Go slow on interest rate rises


“The Reserve Bank should be very cautious about any increase in interest rates when considering its Official Cash Rate announcement on Thursday,” says CTU Economist Bill Rosenberg. “For many households, especially those on floating rate mortgages, it will go straight into higher housing costs. There is pressure from financial markets to raise the rate by at least 1 percentage point (from 2.5% to 3.5%) by the end of the year and a further percentage point (to 4.5%) by the end of 2015.”

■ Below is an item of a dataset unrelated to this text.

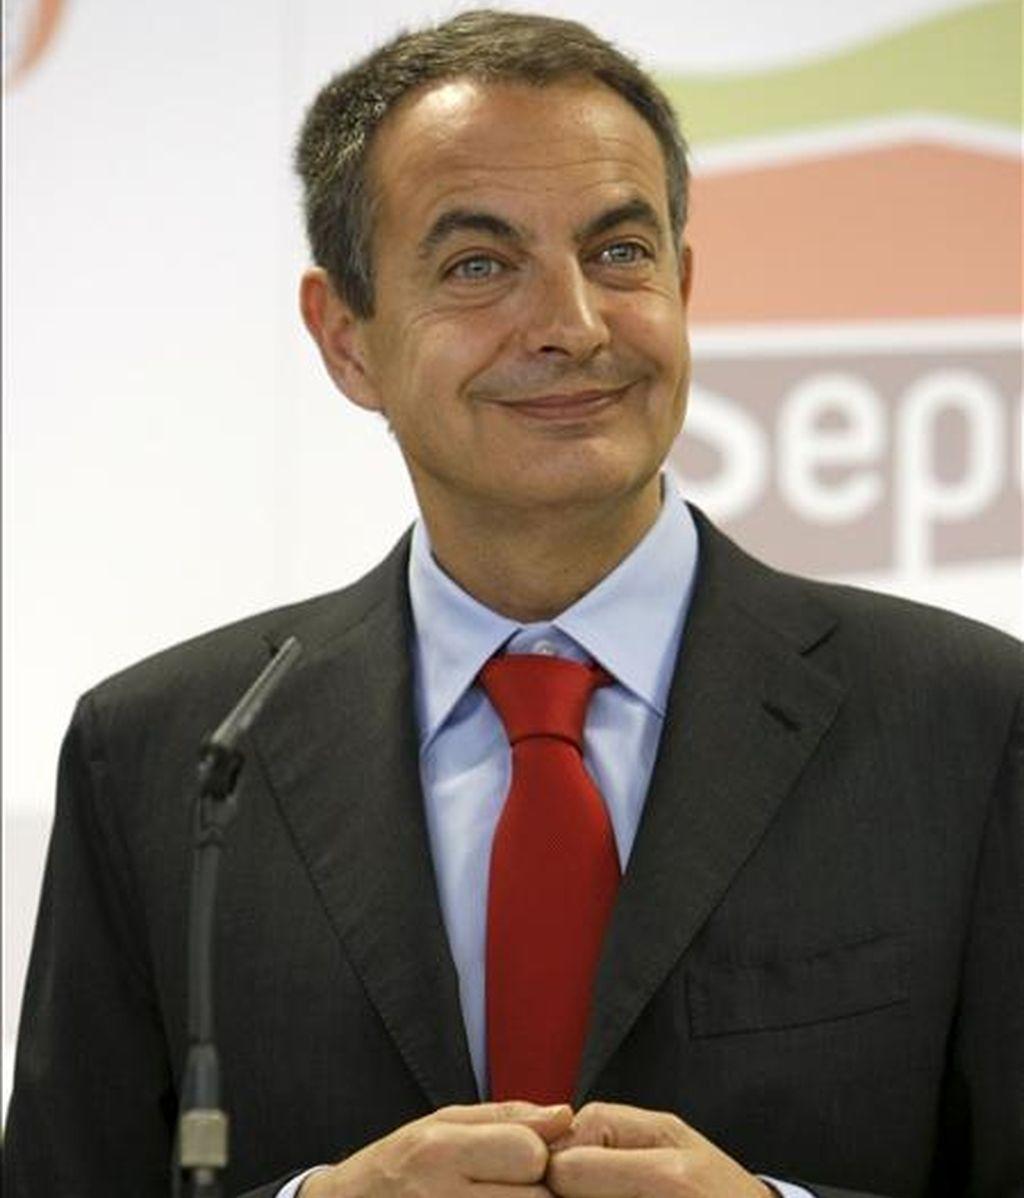 El presidente del Gobierno, José Luis Rodríguez Zapatero, durante la conferencia de prensa que ofreció hoy antes de visitar la sede de la Entidad Pública Empresarial de Suelo (SEPES), con motivo de su 50 aniversario. EFE

Each percentage point rise costs a family $20 per week for each $100,000 of their mortgage. So a family with a $300,000 mortgage could face $60 a week in extra costs by the end of the year, and $120 per week by the end of 2015.

“For families still struggling after several years of income increases barely meeting other price rises, and many going without pay rises year after year, this is a large additional cost to face”, Rosenberg says.

“In addition, some businesses looking to borrow to fund expansion, will have to consider whether they can meet higher borrowing costs. That could reduce job growth and improvements in productivity.”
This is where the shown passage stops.